[What is expected]
Everything in the listing below has to be repeated exactly, except the pictures.

[Raw data]
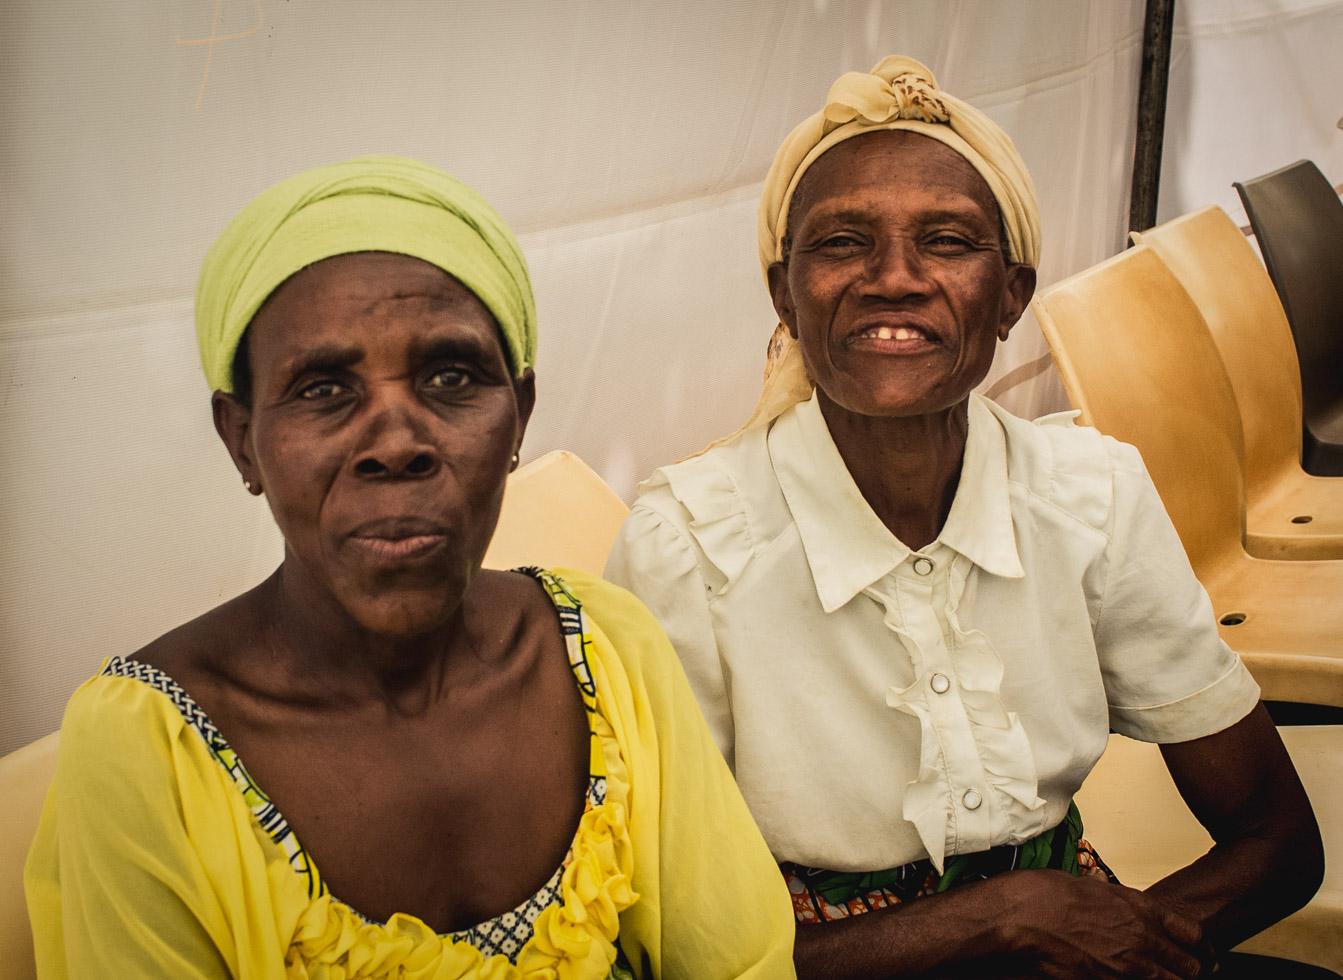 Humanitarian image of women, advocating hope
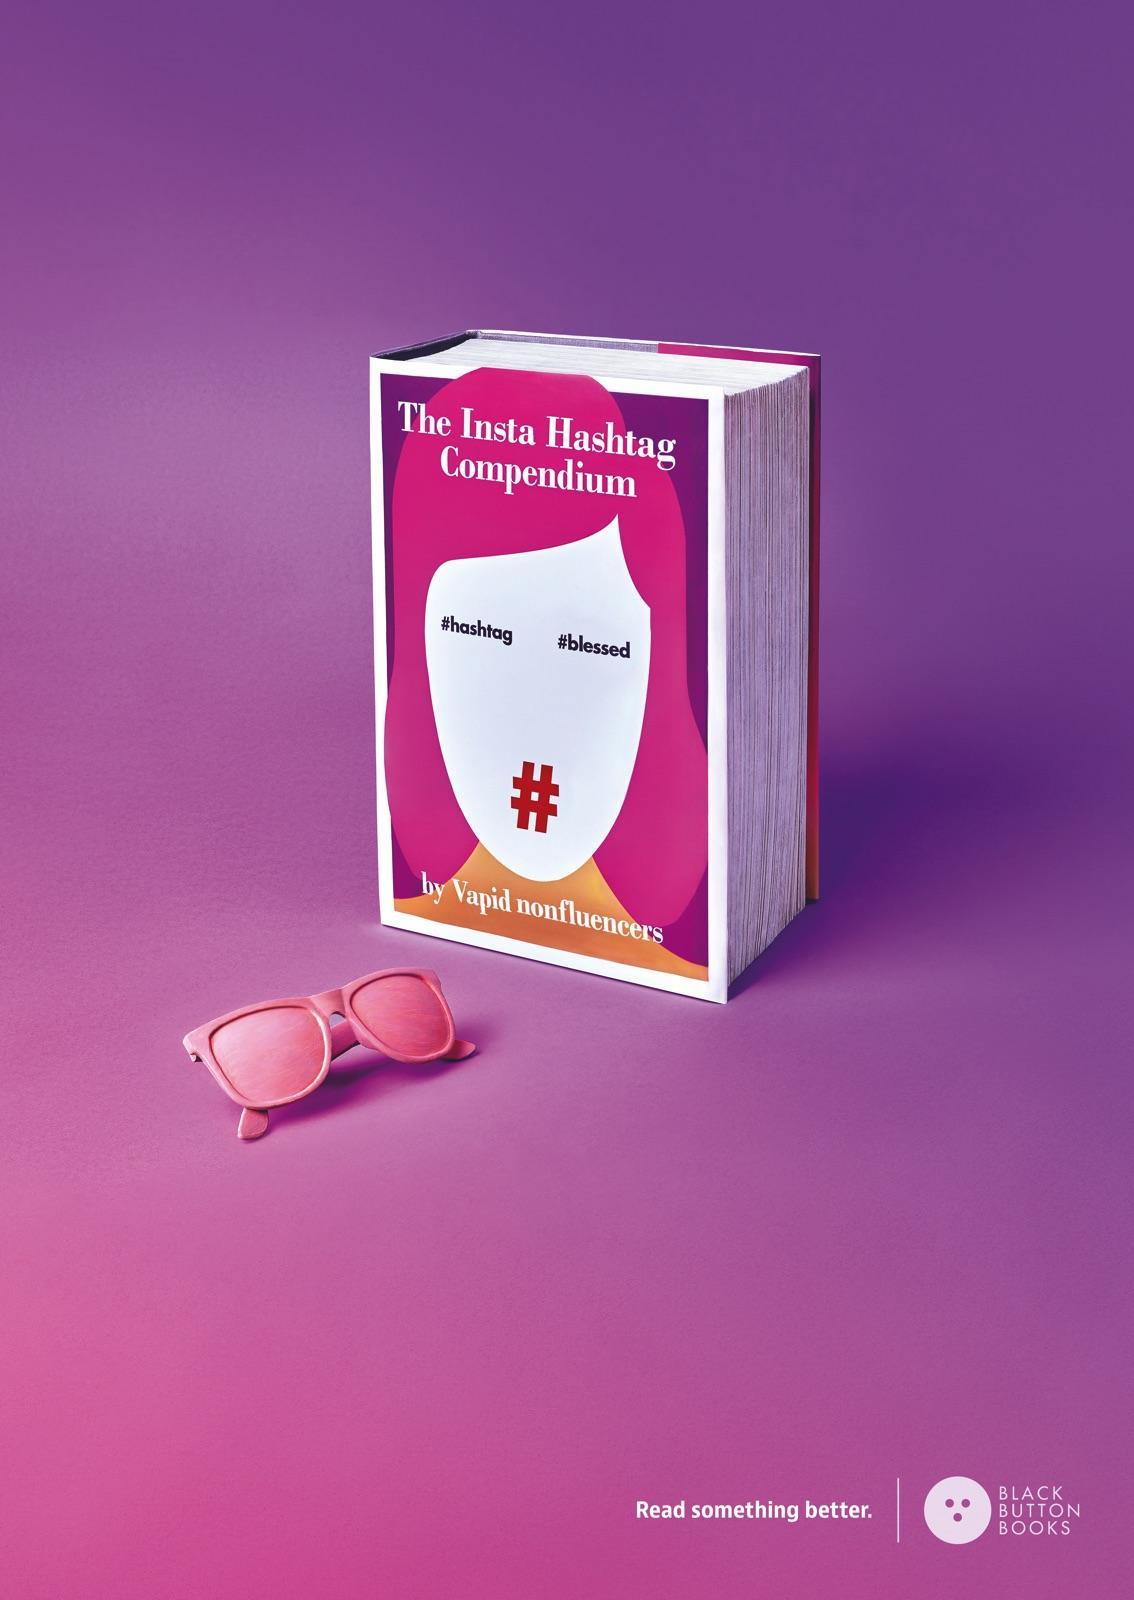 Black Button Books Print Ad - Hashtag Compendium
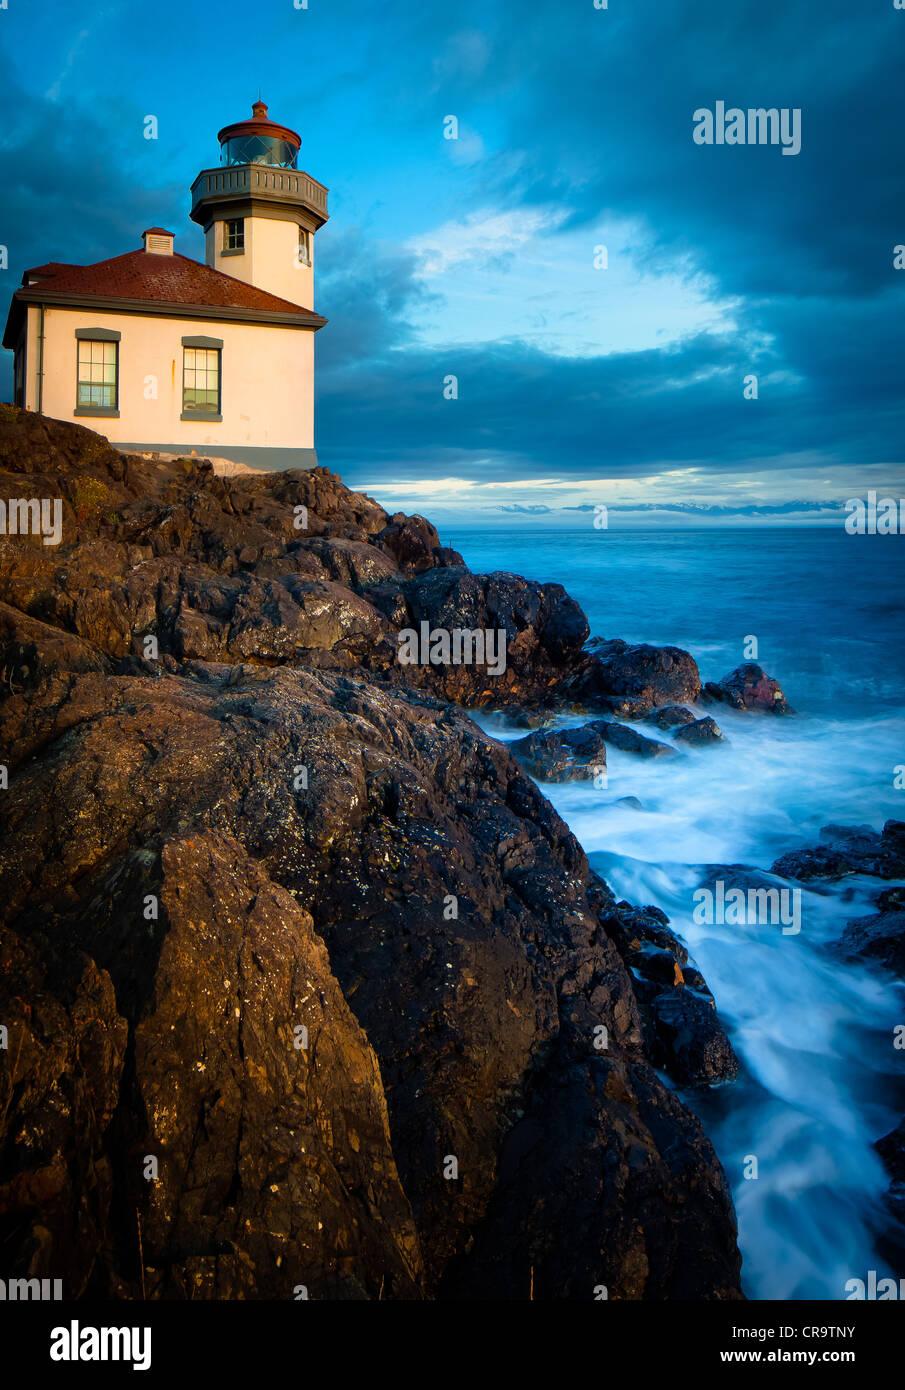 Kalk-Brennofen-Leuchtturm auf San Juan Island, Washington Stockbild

[Written response]
 Humanitarian image of women, advocating hope
 Black Button Books Print Ad - Hashtag Compendium
 Kalk-Brennofen-Leuchtturm auf San Juan Island, Washington Stockbild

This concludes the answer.